Only the tail of the listing is wanted: the line containing "Zara Animal-Print Loafers | The 5" and all after it, repeated exactly, pictures omitted.

MATERIAL PROVIDED:
== Segment start ==
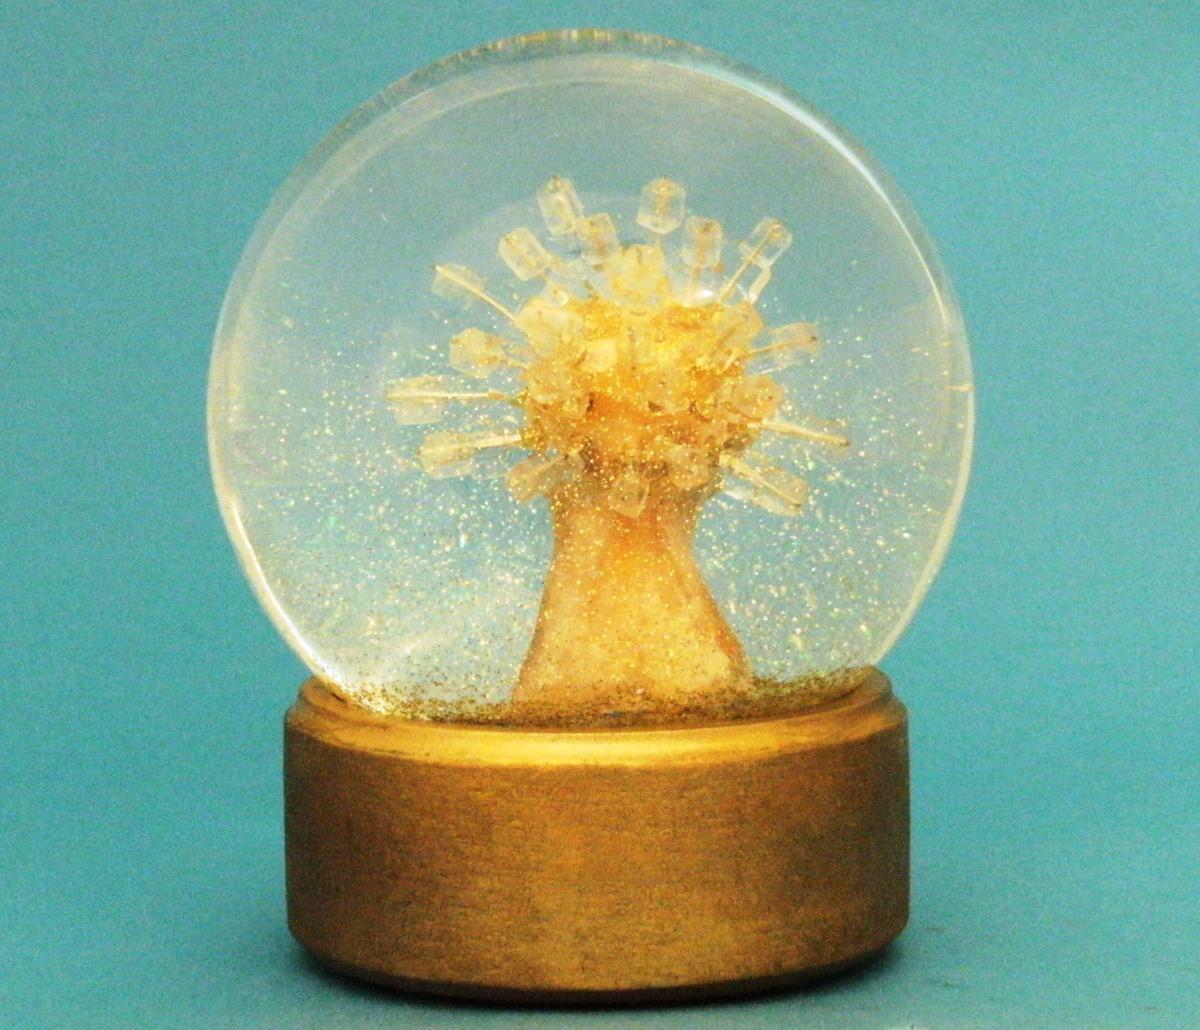 CHILL snow globe, Camryn Forrest Designs, 2015
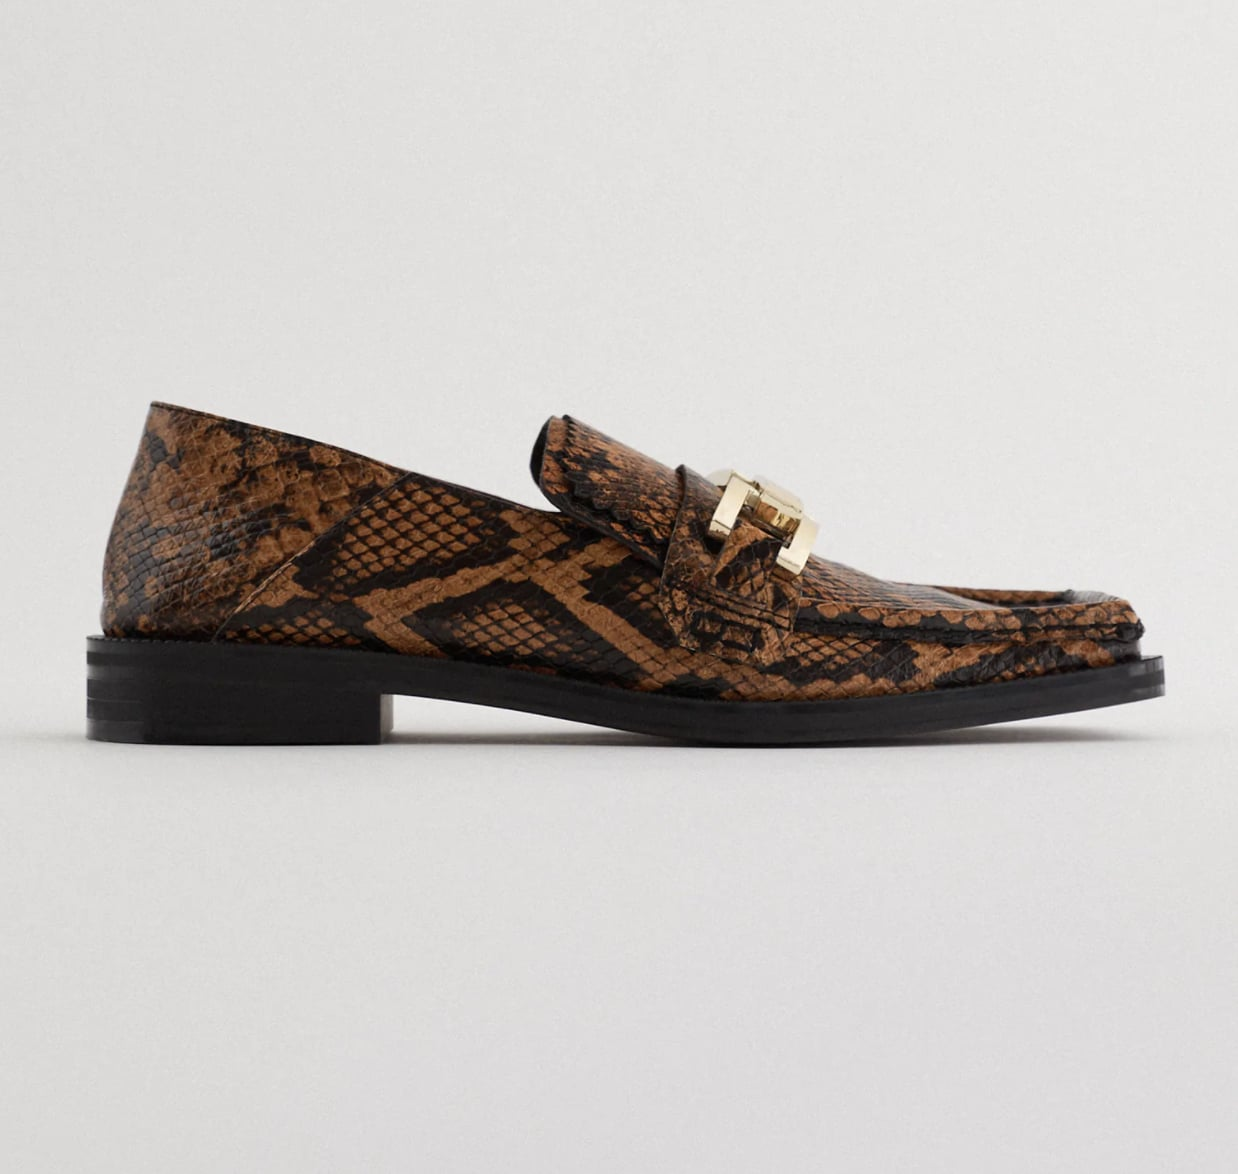 Zara Animal-Print Loafers | The 5
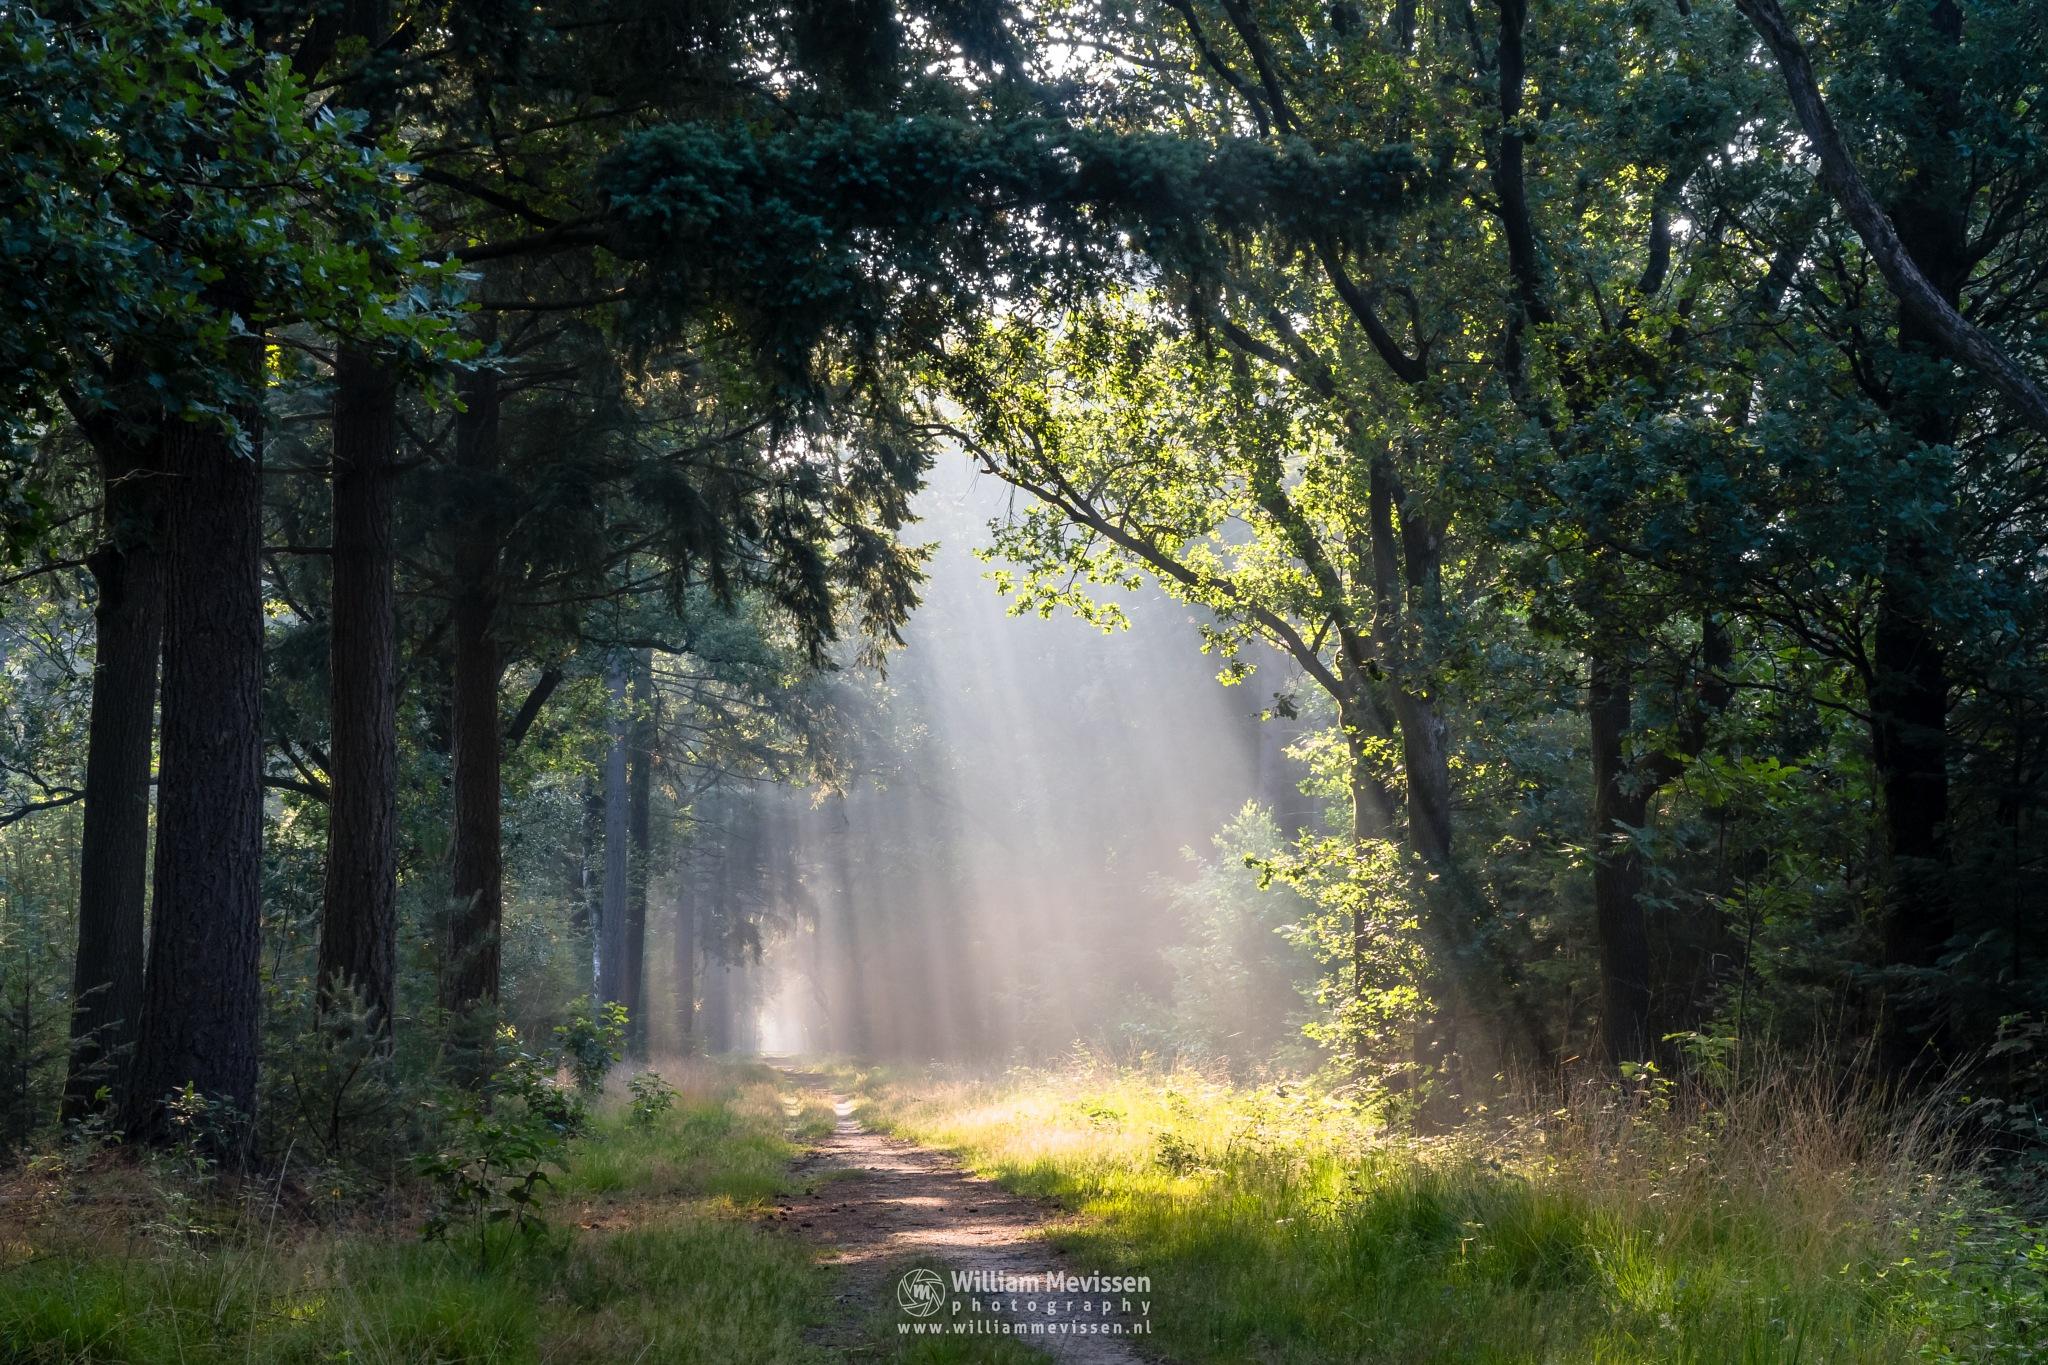 Raining Light by William Mevissen
== Segment end ==
OUTPUT FOR THIS EXERCISE:
 Zara Animal-Print Loafers | The 5
 Raining Light by William Mevissen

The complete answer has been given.